USA TODAY reports that lead author Rachel Jones “attributes the decline to more women using ‘highly effective contraceptive methods such as the IUD [intrauterine device][.]’” It is actually impossible for Jones to make this claim from her study, which conjectured a link between the increased use of long-acting reversible contraceptives (LARC) and a lower abortion rate but never attempted to test for one. Still, she repeats this claim to the AP, Washington Post, Huffington Post, New York Times, etc.
Jones says the decline in abortion rate “coincided with a steep national drop in overall pregnancy and birth rates.” She again credits the drops in pregnancy rates and abortion to “contraceptive use.” While contraceptive use lowers overall pregnancy rates, other Guttmacher studies show that it does not directly cause lower abortion rates. In countries like the United States where abortion is not considered simply another method of birth control (as in the former USSR), abortion and contraceptive use rates first increase simultaneously, even in cases when legalized or popularized years apart. Pregnancy rates then stabilize at a lower level, and contraceptive use continues to increase, but the abortion rate never returns to its all-time low found before higher contraceptive use and lower pregnancy rates. This trend is seen in the United States after Griswold v. Connecticut legalized contraceptive use in 1965. Abortions skyrocketed, even before Roe v. Wade legalized them. Though contraceptive use climbs and pregnancy rates fall, abortion rates remain high.

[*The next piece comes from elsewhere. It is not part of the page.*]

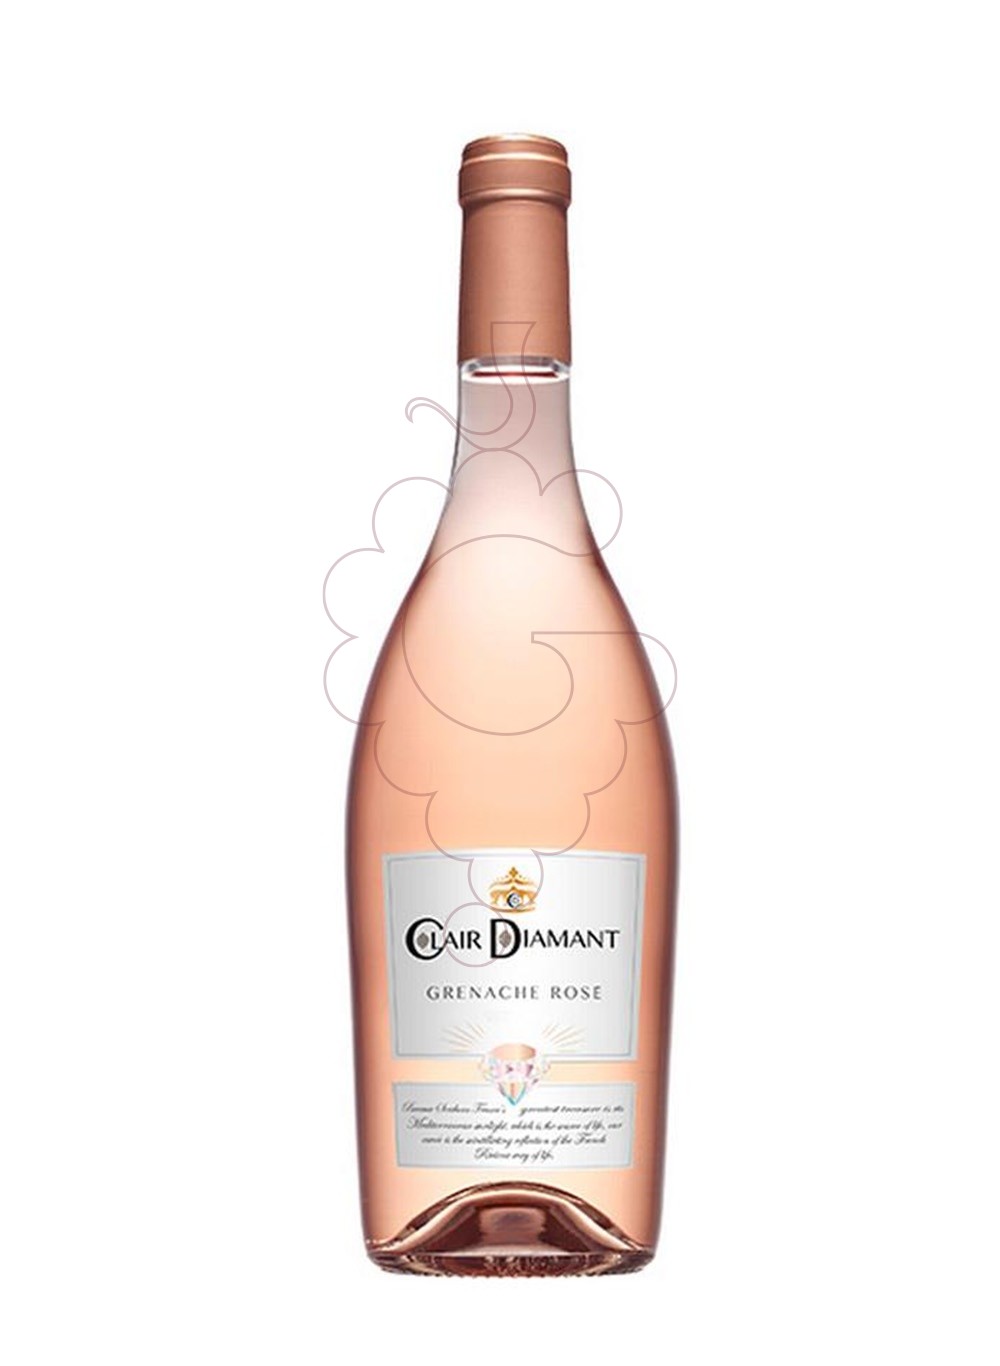 Foto Clair Diamant Grenache Rosé vino rosado

So does increased contraceptive use cause a decline in abortions? After increasing abortions, yes, eventually. Even, so, Jones’s second hypothesis – that couples are delaying pregnancy due to an unsure economy – may be a safer one. The only indication she has of better contraceptive use is a small decrease in non-use among young women, from 15% to 12% from 2007 to 2009, and a higher use of LARCs as compared to other contraceptive methods. This obviously cannot fully account for the 13% decrease in abortions from 2008 to 2011.
It is also deeply misleading to claim that the LARCs Jones mentioned, IUDs, decrease the number of abortions. Besides other side-effects endangering women, they undeniably cause early abortions, making the uterine lining hostile to the embryo, who cannot implant and is starved (1).
A rate worth celebrating
In summary, Guttmacher Institute’s “Abortion Incidence and Service Availability in the United States, 2011” is generally encouraging to pro-life advocates but offers little practical help to either side of the abortion debate. During the short course of Guttmacher’s study, pregnancies ending in abortion dropped from 23 to 21 out of every 100 pregnant mothers (2). Seventy-nine out of 100 choose life for their children. That’s a rate worth celebrating.
However, the report fails to statistically examine any link between the abortion rate decrease and pro-life legislation, fewer doctors performing abortions, or contraceptive use. Guttmacher’s strongly partisan nature is obvious as it completely ignores pro-life educational efforts, the unknown numbers of embryos killed by “emergency contraception,” the impact of prevalent ultrasound imagery on America’s perception of the pre-born child’s humanity, or women’s access to options other than abortion at community pregnancy centers.
Still, there is no denying a national trend. And this trend shows a much greater respect for human life than just thirty years ago. Here I have to take a leaf from Guttmacher’s book and conjecture: hearts and minds are changing.
- (1) Grimes DA (2007). Intrauterine devices (IUDs). In RA Hatcher et al., eds., Contraceptive Technology, 19th ed., pp. 117-143. New York: Ardent Media.
- (2) Does not include miscarriages.